[[ DATA SHOWN open ]]

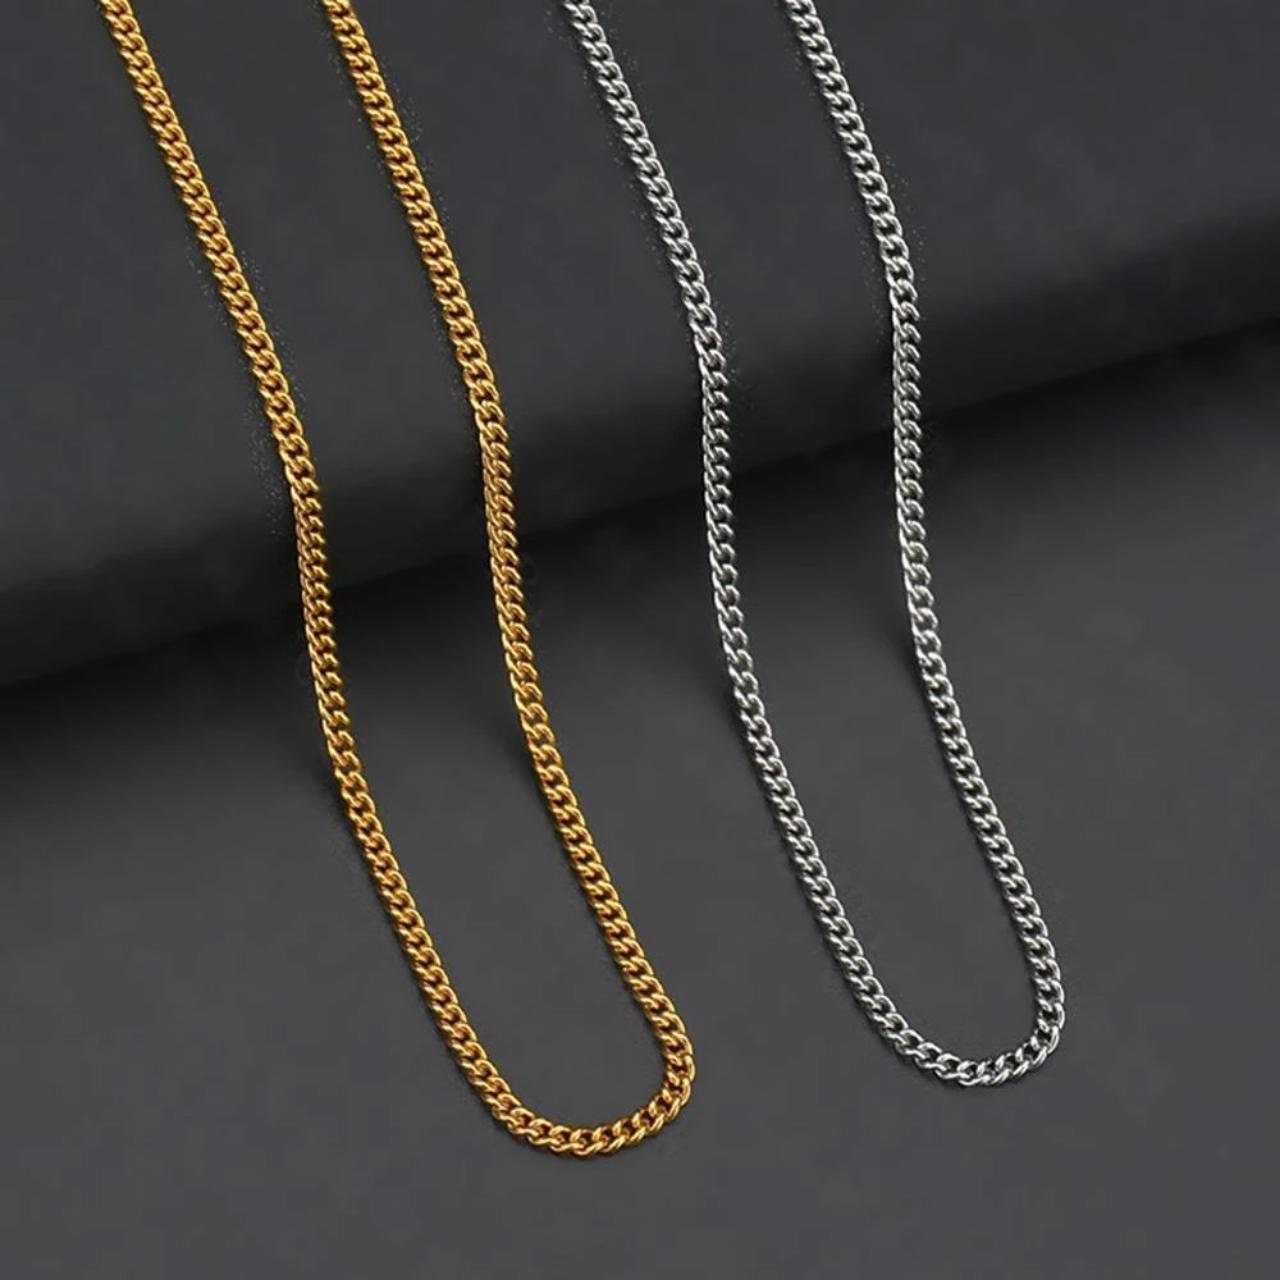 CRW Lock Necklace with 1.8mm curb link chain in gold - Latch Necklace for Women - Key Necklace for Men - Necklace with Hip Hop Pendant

[[ DATA SHOWN closed ]]
[[ DATA SHOWN open ]]

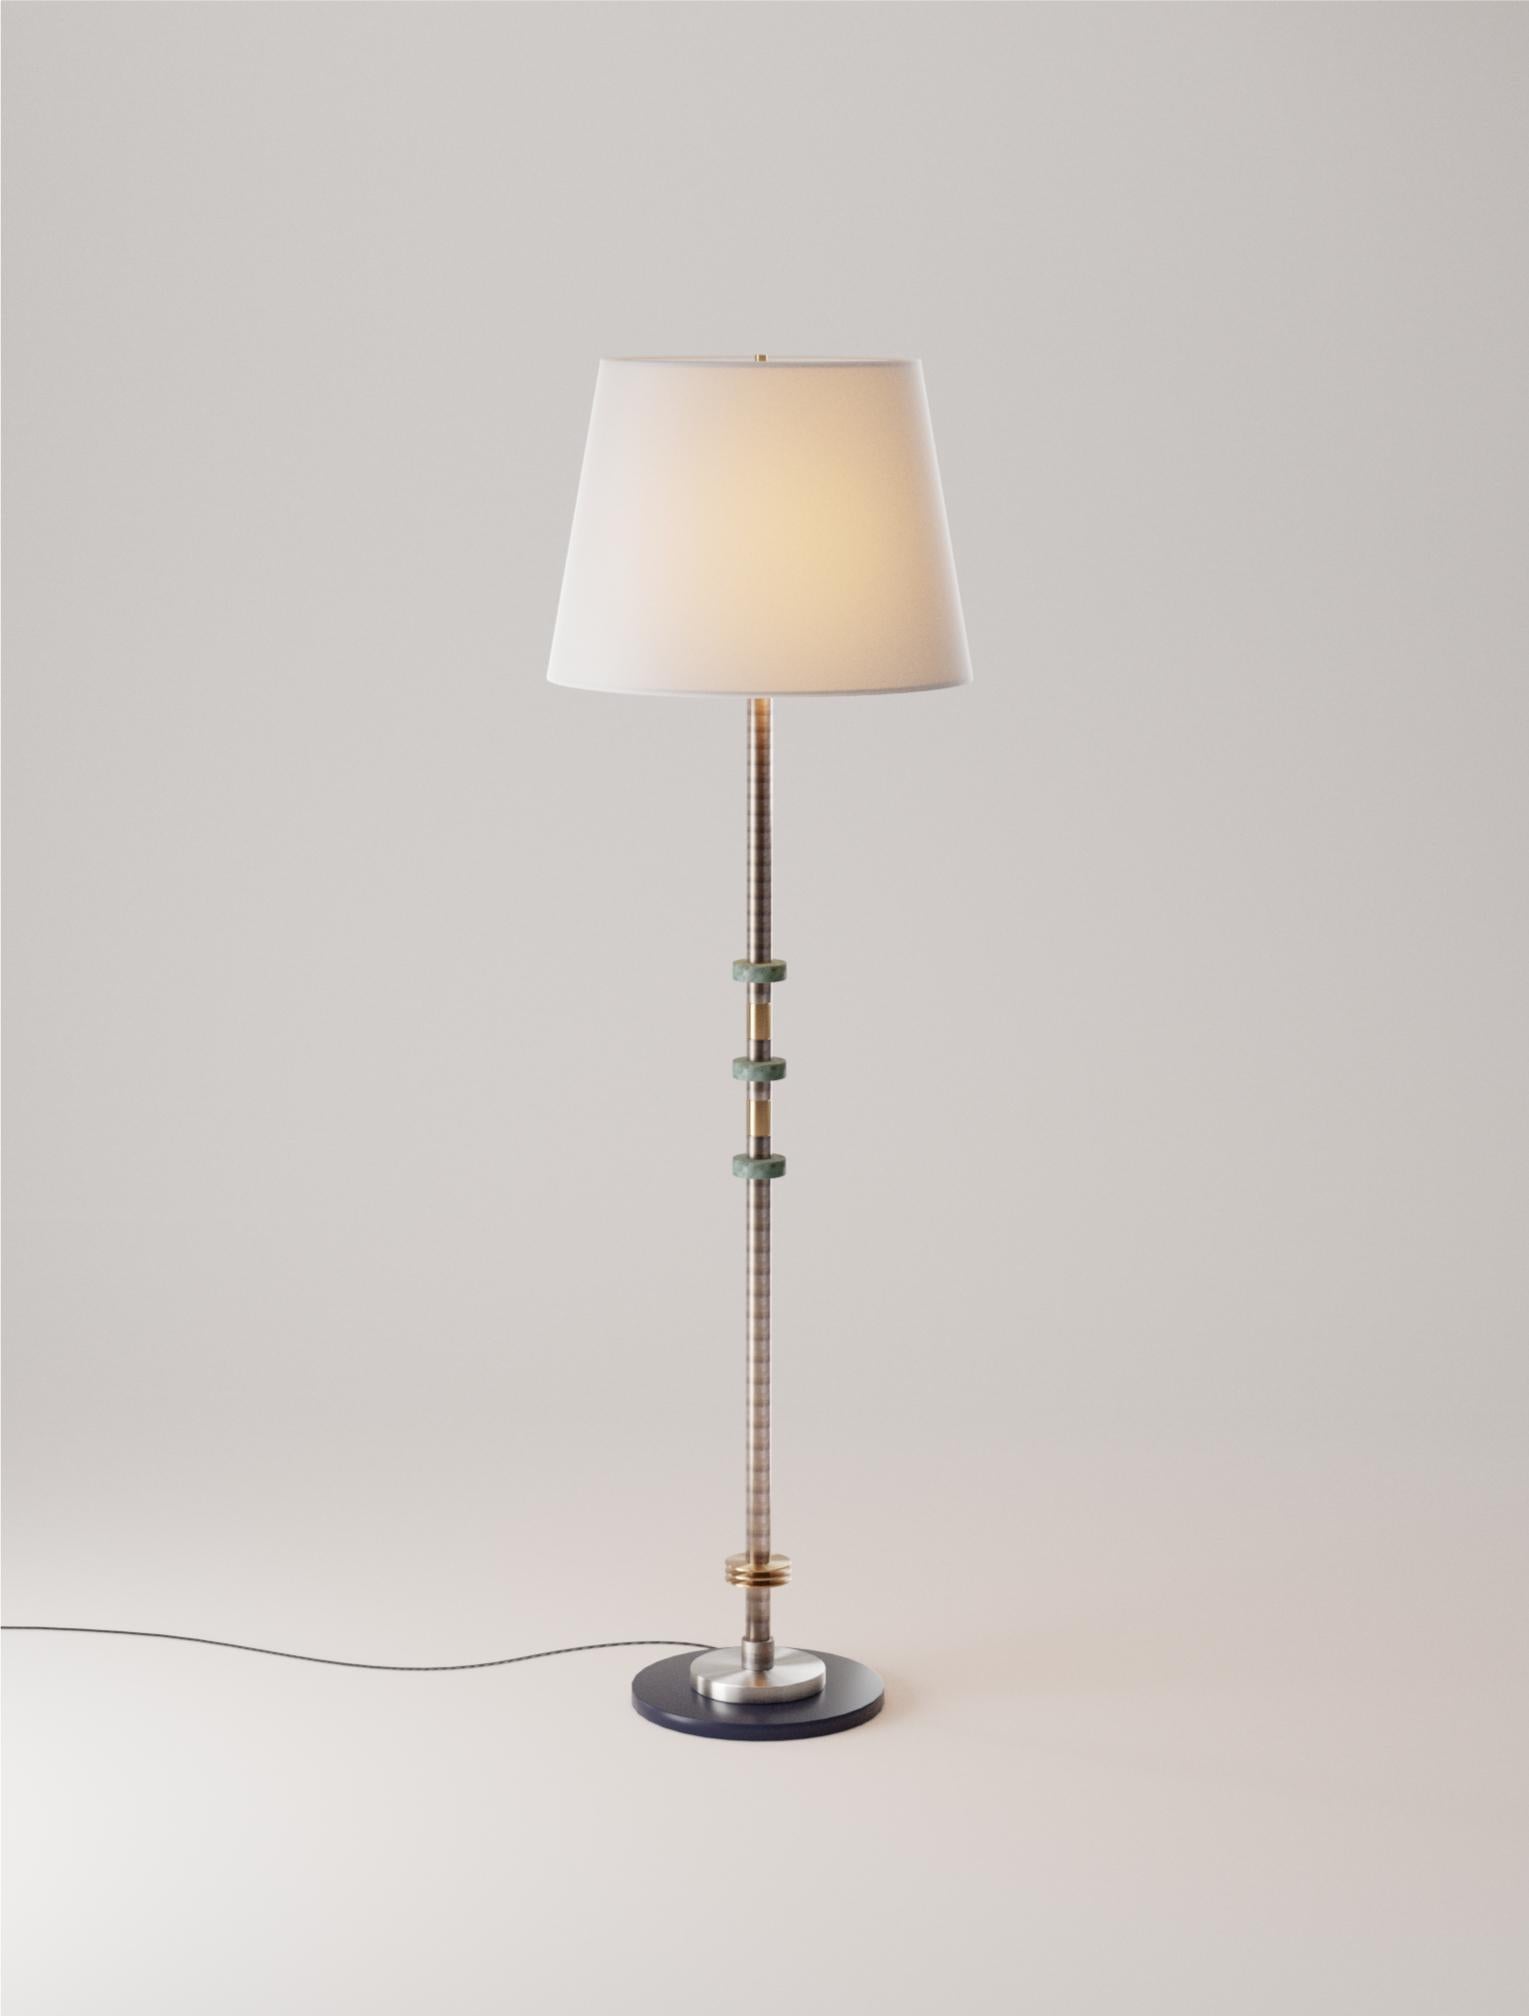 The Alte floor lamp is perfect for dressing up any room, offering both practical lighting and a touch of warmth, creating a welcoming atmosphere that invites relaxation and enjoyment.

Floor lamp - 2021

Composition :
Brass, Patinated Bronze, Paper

[[ DATA SHOWN closed ]]
[[ DATA SHOWN open ]]

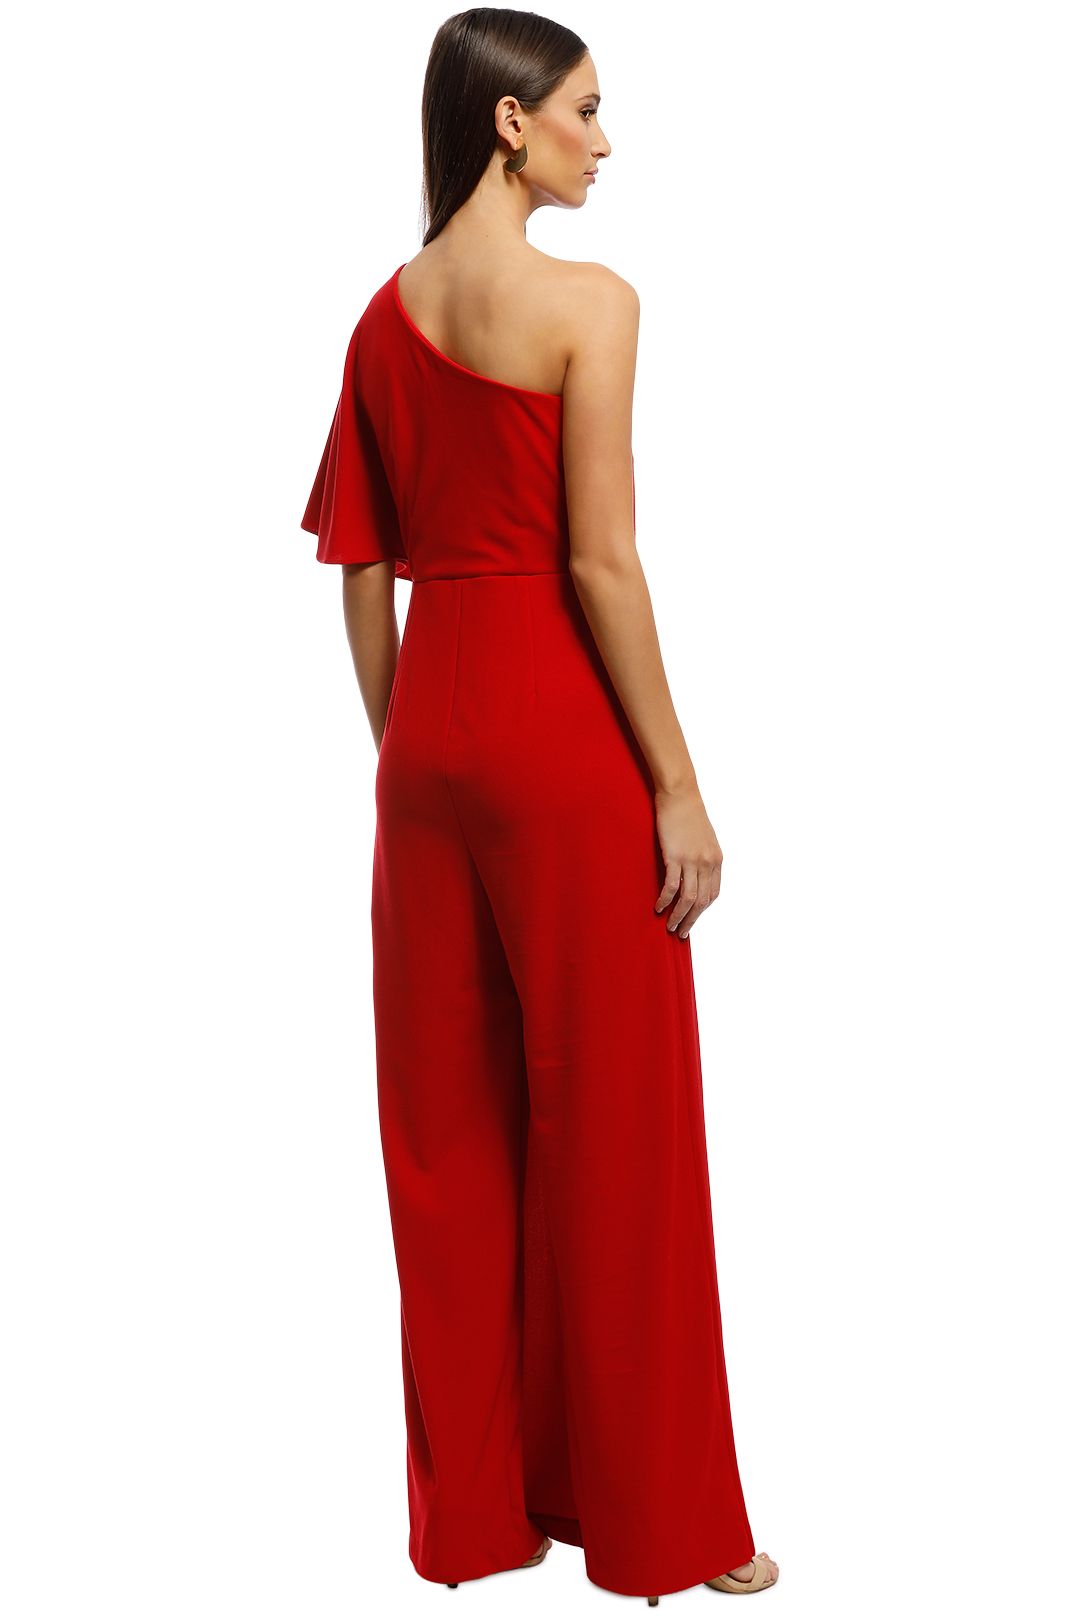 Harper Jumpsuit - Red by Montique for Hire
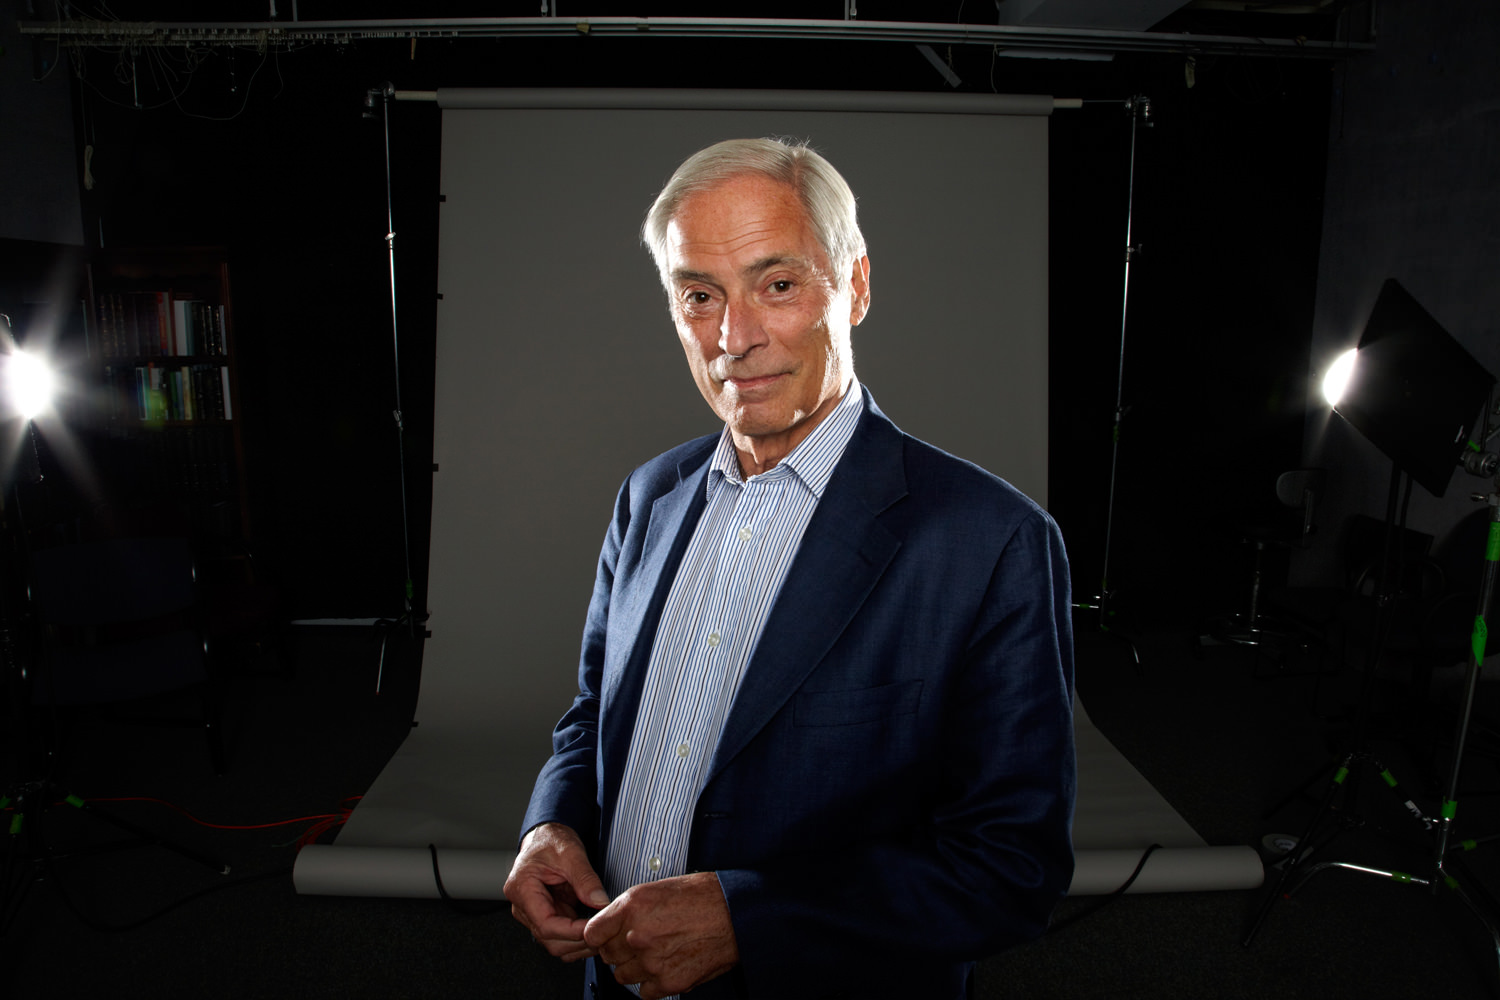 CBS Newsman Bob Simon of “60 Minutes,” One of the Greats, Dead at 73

[[ DATA SHOWN closed ]]

TASK BRIEF: Skipping the pictures, print the lines in the listing above exactly as written, starting at the line with "Harper Jumpsuit - Red by Montique for Hire" and ending at the line with "CBS Newsman Bob", both included.

EXERCISE OUTPUT:
 Harper Jumpsuit - Red by Montique for Hire
 CBS Newsman Bob Simon of “60 Minutes,” One of the Greats, Dead at 73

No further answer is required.